At the suppression hearing,
Deputy Brandon Todd testified that at about 11:30 p.m. on August 1, 2001, he saw
Jones on horseback riding at a full speed gallop down the street. Although there
were pedestrians and traffic in the area, Deputy Todd did not see Jones actually
impede traffic or endanger any pedestrians or motorists. The deputy stopped
Jones for failing to have lights or reflectors and for operating without due
regard for public safety.
When Deputy Todd stopped
Jones, Jones dismounted, took off his jacket, and dropped the jacket on the
ground. Deputy Todd saw that Jones had a rifle on his saddle. When the deputy
asked Jones whether he had any other weapons on him, Jones lifted his pants leg
to reveal a knife within his boot. Deputy Todd arrested Jones, and a search of
the jacket that he had thrown down revealed a crack pipe.

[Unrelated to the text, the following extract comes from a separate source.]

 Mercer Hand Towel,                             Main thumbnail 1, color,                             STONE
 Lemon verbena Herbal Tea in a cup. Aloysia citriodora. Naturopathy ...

The trial court found that,
although there was no evidence that Jones endangered other people, "the
sheer unusualness of a person riding a horse at 11:30 at night at a full gallop
down a paved road is sufficient that it could cause a police officer to be
suspicious as to what's going on without the need to endanger other
people." The court added that the potential endangerment to other people
also provided justification for the stop.
A trial court's factual
findings on a motion to suppress will not be overturned if supported by
competent, substantial evidence. Caso v.
State, 524 So.2d 422, 424 (Fla.1988). Application of the law to the facts
found by the trial court is reviewed de novo.

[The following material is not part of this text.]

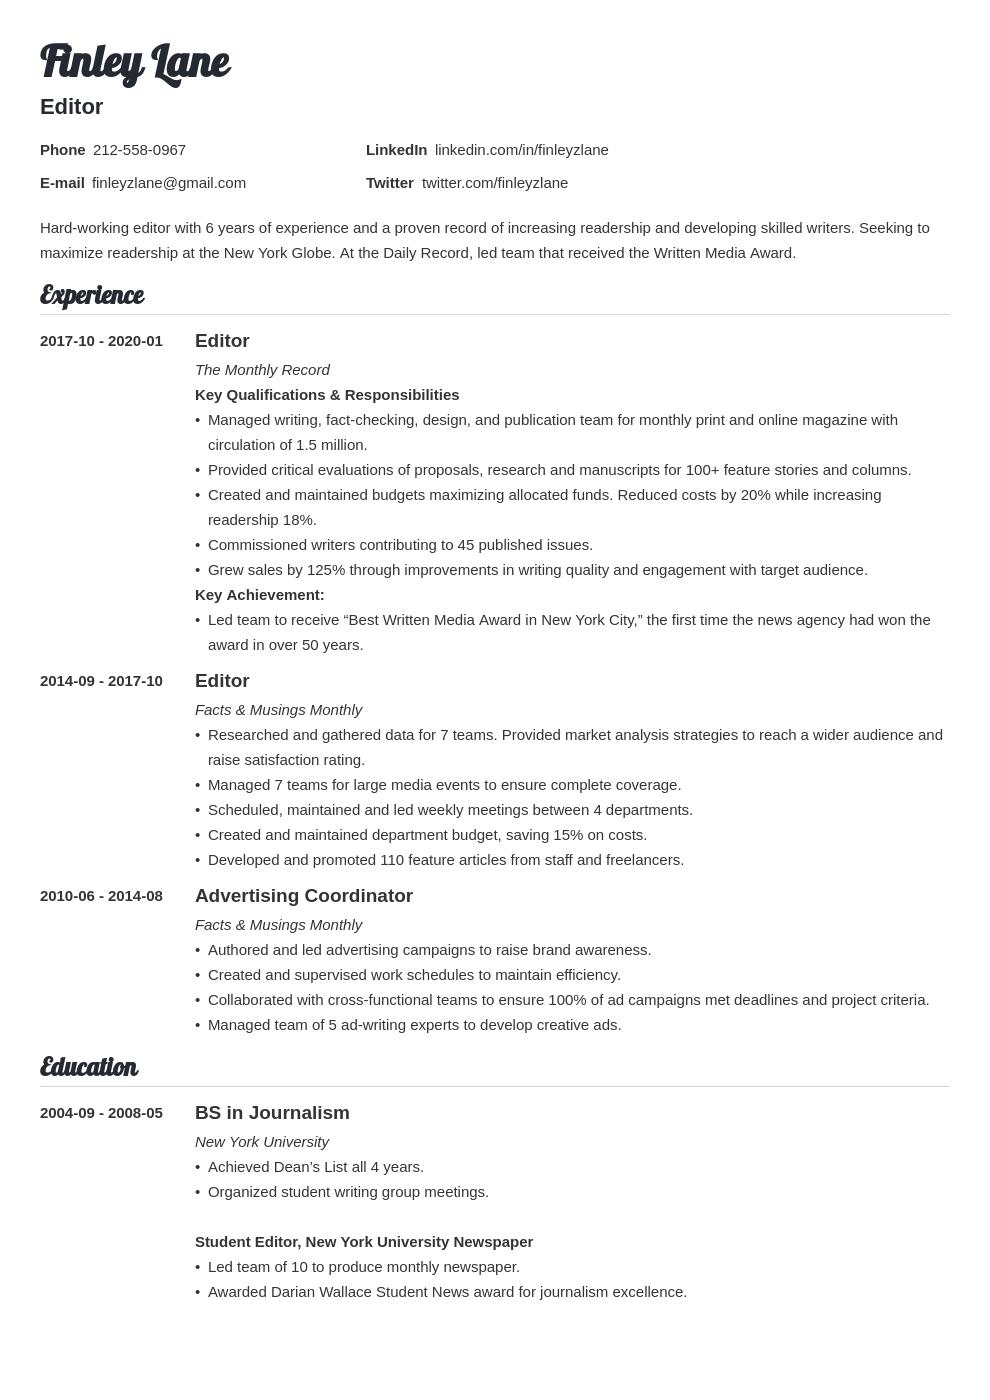 Editor Resume Example Template Valera Resume Examples Guided Writing Resume

Ornelas v. United States, 517 U.S. 690, 696‑97 (1996). In order for
the stop of Jones to be proper, the police must have had a reasonable suspicion
of criminal activity, Terry v. Ohio,
392 U.S. 1, 20 (1968), or probable cause to believe he committed a traffic
infraction. Whren v. United States,
517 U.S. 806, 810 (1996).
In this case, there was no
evidence that the police had a reasonable suspicion of criminal activity, and
the trial court made no such finding. The trial court found that the stop was
valid for two reasons: (1) "the sheer unusualness of a person riding a
horse at 11:30 at night at a full gallop down a paved road"; and (2) the
potential endangerment to others that resulted from this action. However,
neither of these activities provides probable cause that Jones committed a
Under section 316.073,
Florida Statutes (2001), a person on horseback is not subject to the provisions
regulating motor vehicles, but is subject to provisions applying to pedestrians.
The State argues that the police had probable cause that Jones violated section
316.2045(1), Florida Statutes (2001), which prohibits willfully obstructing
"the free, convenient, and normal use of any public street, highway, or
road by impeding, hindering, stifling, retarding, or restraining traffic or
passage thereon, by standing or approaching motor vehicles thereon, or by
endangering the safe movement of vehicles or pedestrians traveling
A violation of this statute
requires either (1) impeding, hindering, stifling, or restraining traffic or
passage or (2) endangering the safe movement of vehicles or pedestrians.
See Underwood v. State, 801 So.2d 200, 202 (Fla. 4th DCA 2001) (holding that
an officer lacked probable cause to stop the defendant for obstruction of
traffic because there was no evidence that the defendant actually hindered or
endangered the normal use of the street or had the intent to do so). In this
case, the trial court expressly found that there was no evidence that Jones
endangered others, and this finding is supported by Deputy Todd's testimony to
that effect. In addition, there is no evidence that Jones actually impeded any
traffic or passage. Accordingly, the police did not have probable cause to
believe that Jones had committed a traffic infraction.
Because the police did not
have a reasonable suspicion of criminal activity or probable cause that Jones
had committed a traffic infraction, the stop of Jones was illegal. Accordingly,
any evidence seized as a result of the illegal stop should have been suppressed.
Graham v. State, 60 So.2d 186, 188 (Fla.1952);
Bowling v. State, 779 So.2d 613, 614 (Fla. 2d DCA 2001).